Losing Balance
by Lionel

chapter 25

When they stepped out the front door of the club, the cool damp air of the night hit them with a blast. Alexis shivered, and Lorenzo wrapped his arm around her as they walked to her car. "It feels nice," Alexis murmured. "The fresh air. I can breathe again."

The sky was still dark, and Lorenzo thought Alexis would fall asleep on the way home. Instead, she stared out the window as he drove. She almost seemed to be sleeping with her eyes open, but periodically she pulled her lower lip between her teeth. "What are you thinking about?" he asked finally.

Alexis smiled at herself, and looked over to him. "My old car," she confessed.

"The De Tomaso? Tell me about it." He met her eyes for a moment and smiled at her with affection.

Alexis shrugged her shoulders a little. "I had it when I lived in New York. It was a crazy, impractical car to have, especially in Manhattan. Not like me at all. But I loved it."

"How did a girl like you end up with an old race car like that?"

Alexis smiled mysteriously. "It was a gift," she said without elaboration.

Lorenzo felt a pang of jealousy that someone else was responsible for the rare dreamy look on her face. Lorenzo's investigators had turned up plenty of information about Alexis's life in New York, but he hadn't seen anything about the car in their report. He focused his eyes on the road and waited to see if she would continue.

Alexis looked out the window and turned wistful, remembering. "I kept it in a garage on the west side, and once in a blue moon I would get to take it out. Sometimes I would come home from work at three in the morning and just go drive around the city. It was my private indulgence. My little secret."

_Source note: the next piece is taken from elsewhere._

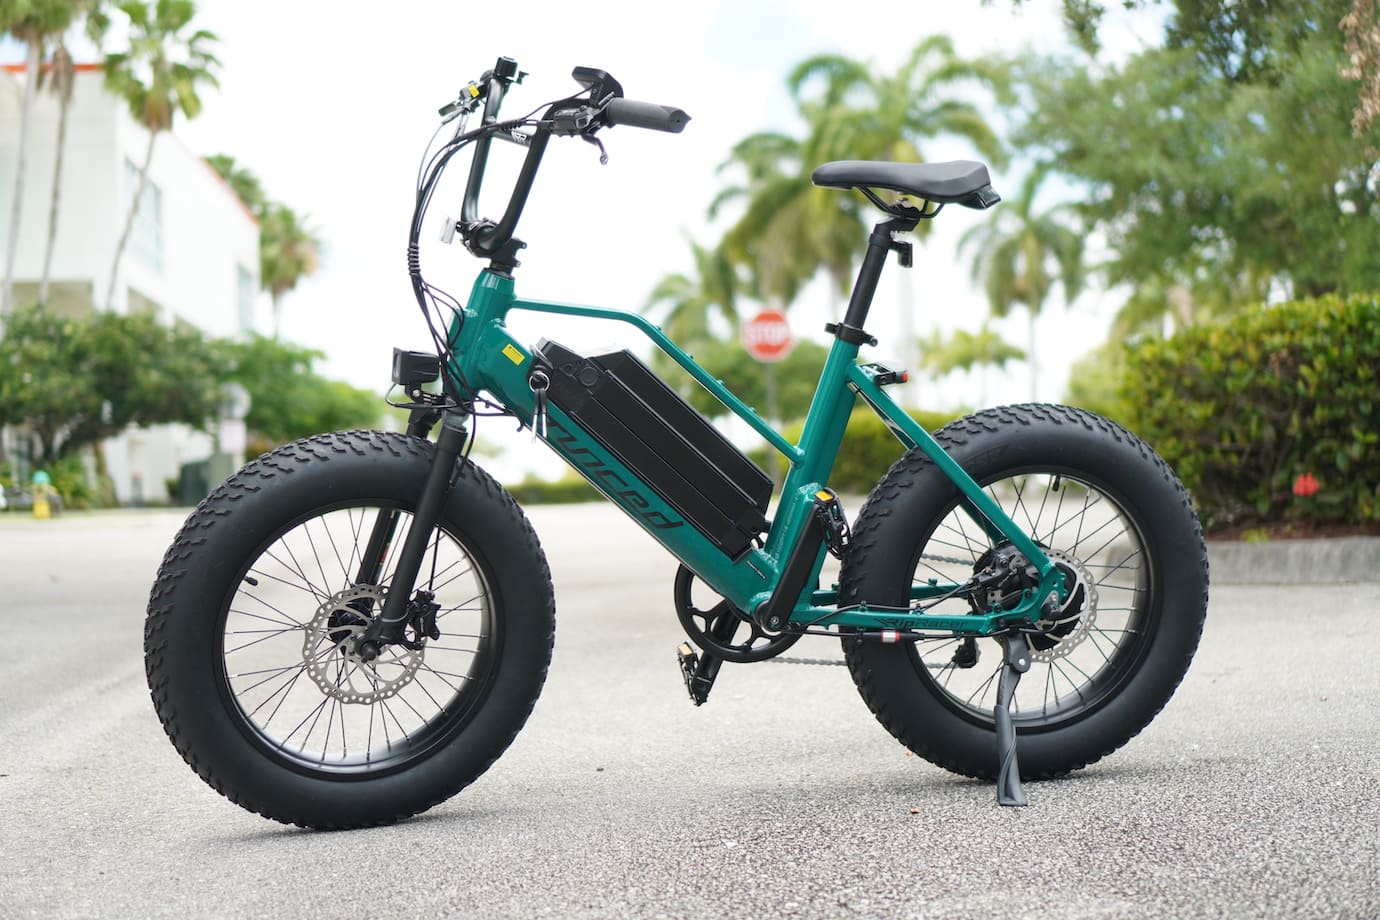 These are the best electric bike Black Friday sales already running

"Where did you take it?" Lorenzo asked. He glanced over occasionally as she spoke, rapt and encouraging. It was nice to listen to her talk about memories that weren't agonizing.

Alexis shrugged slightly. "Wherever. New York is a whole different world when the streets are quiet. Usually I stayed in Manhattan. In the middle of the night you can get from one end of the island to the other in twenty minutes. The West Side Highway is like a runway, with all those eerie lights. You can just fly. Sometimes I liked to take the avenues - Madison up and Fifth down - and watch all the traffic lights rolling green out in front of me; you can really see the neighborhoods change over as you go. The city is still full of energy, even in the middle of the night, but it feels different. It feels hidden away behind all those windows and doors. It's more personal somehow."

Alexis peered out the windows of the car, looking for the eastern sky. "This time of night was my favorite. Just before dawn. There's that moment when you first see that the sky is beginning to lighten, that the night is being pushed away. It always catches me by surprise. Always. I feel this sense of . . . awe, I guess, transcendence even. I've made it through another night, and, by god, there really is going to be another day. I watched a lot of sunrises from my office window."

"And if you were out driving? Where did you go at sunrise?" Lorenzo asked quietly.

Alexis ran both hands through her hair with end-of-the-day carelessness. "If it wasn't too cold and I wasn't too tired, I drove out to Rockaway Beach. It's one of the few places in New York where you can see the sun come up over the water. Otherwise I would just take the FDR Drive home. I love the way the dawn lights up the Brooklyn Bridge."

Lorenzo reached over and took Alexis's hand. "Let's watch the sun rise over the water together." He tried to sound casual, but even to his own ears his proposal was fraught with unspoken significance. He felt as eager and nervous as if he were asking a crush to the prom.

Alexis looked at him sharply. "Now?"

"Yeah."

Alexis hesitated, as temptation and good judgment battled in her weary brain. She took refuge in reason. "You can't do that around here. The water is all to the west."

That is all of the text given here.